Nordenfeld adopte sur la santé une position très différente. La santé n’est
pas pour lui la conformité à un design préalable spécifié par l’espèce de
l’individu, mais « un concept intrinsèquement relationnel composé de trois
éléments fondamentaux : l’agent (plus précisément sa capacité à agir), ses
buts et son environnement » (5) -p. 112-. La santé est alors une capacité,
celle « qu’une personne a, dans des circonstances acceptées, de réaliser ses
buts vitaux, c’est-à-dire ceux nécessaires pour vivre un bien-être (welfare)
minimal et durable ». La normativité de la santé qu’évoquait Canguilhem
plutôt sur un plan biologique se trouve ici être fondée dans l’intentionnalité
du sujet (ce vers quoi il tend et veut tendre) ; une personne est « en santé »

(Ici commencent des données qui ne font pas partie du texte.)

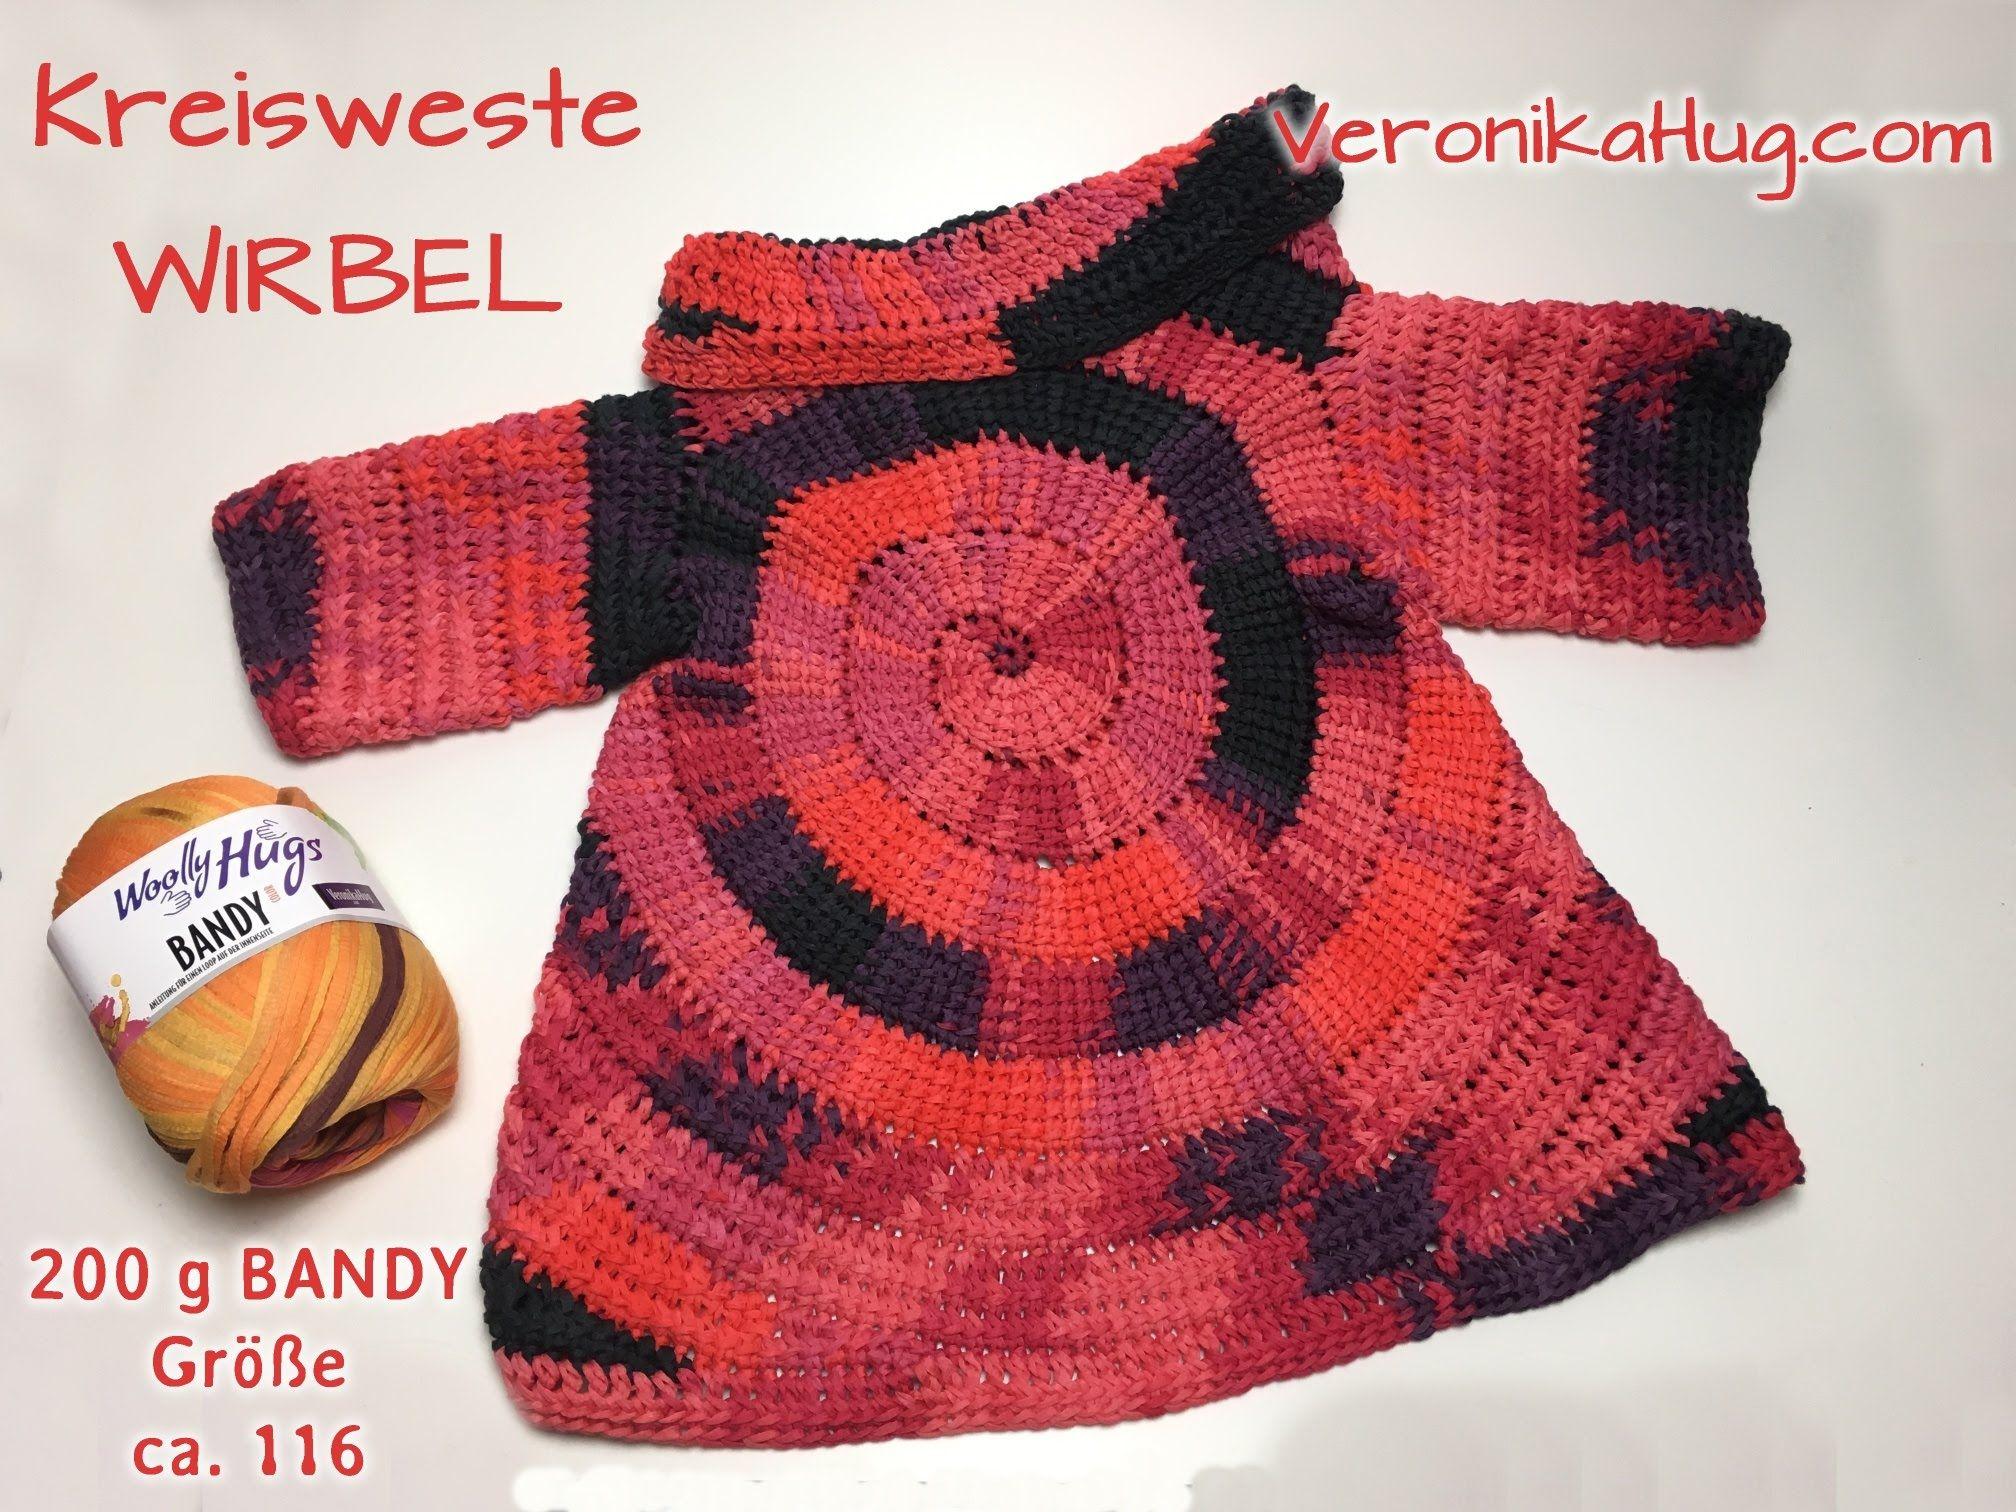 Kreisweste WIRBEL - Kindergröße - Woolly Hugs BANDY Veronika Hug

si elle a la capacité potentielle (et pas nécessairement la possibilité pratique
immédiate, celle-ci pouvant être empêchée par les limitations ou carences
environnementales) de progresser vers la satisfaction de ses buts. Le
principal problème de cette approche réside dans la caractérisation des
« buts vitaux ». Si la santé est strictement subordonnée à la subjectivité de
l’agent dans la détermination de ces buts, on se heurte au problème –
particulièrement important s’agissant de questions de santé mentale – des
buts inappropriés : ils peuvent être grandioses et inaccessibles (personnalité
narcissique, troubles limites de la personnalité par exemple), ou au contraire
pauvres et triviaux (état dépressif, personnalité évitante, schizoïde…),
contradictoires les uns avec les autres (fonctionnement névrotique…). Si on
tente une définition « objective » des buts vitaux qui vaudrait
universellement pour chacun, on n’échappe pas aux risques du culturo-
centrisme (la définition de la société qui définit l’universel étant supposée
valoir pour toutes les autres) ni à ceux de la normativité dogmatique des
auteurs qui produisent des listes de « besoins fondamentaux », à l’instar de
la trop fameuse « pyramide des besoins » d’Abraham Maslow, infligée ad
nauséam à tout participant d’une formation en management, en relation
clientèle, en coaching... La solution proposée par Nordenfelt est de ne
considérer comme buts vitaux que « ceux dont l’accomplissement est à la
fois nécessaire et suffisant pour un bonheur minimal et durable » (5) -p.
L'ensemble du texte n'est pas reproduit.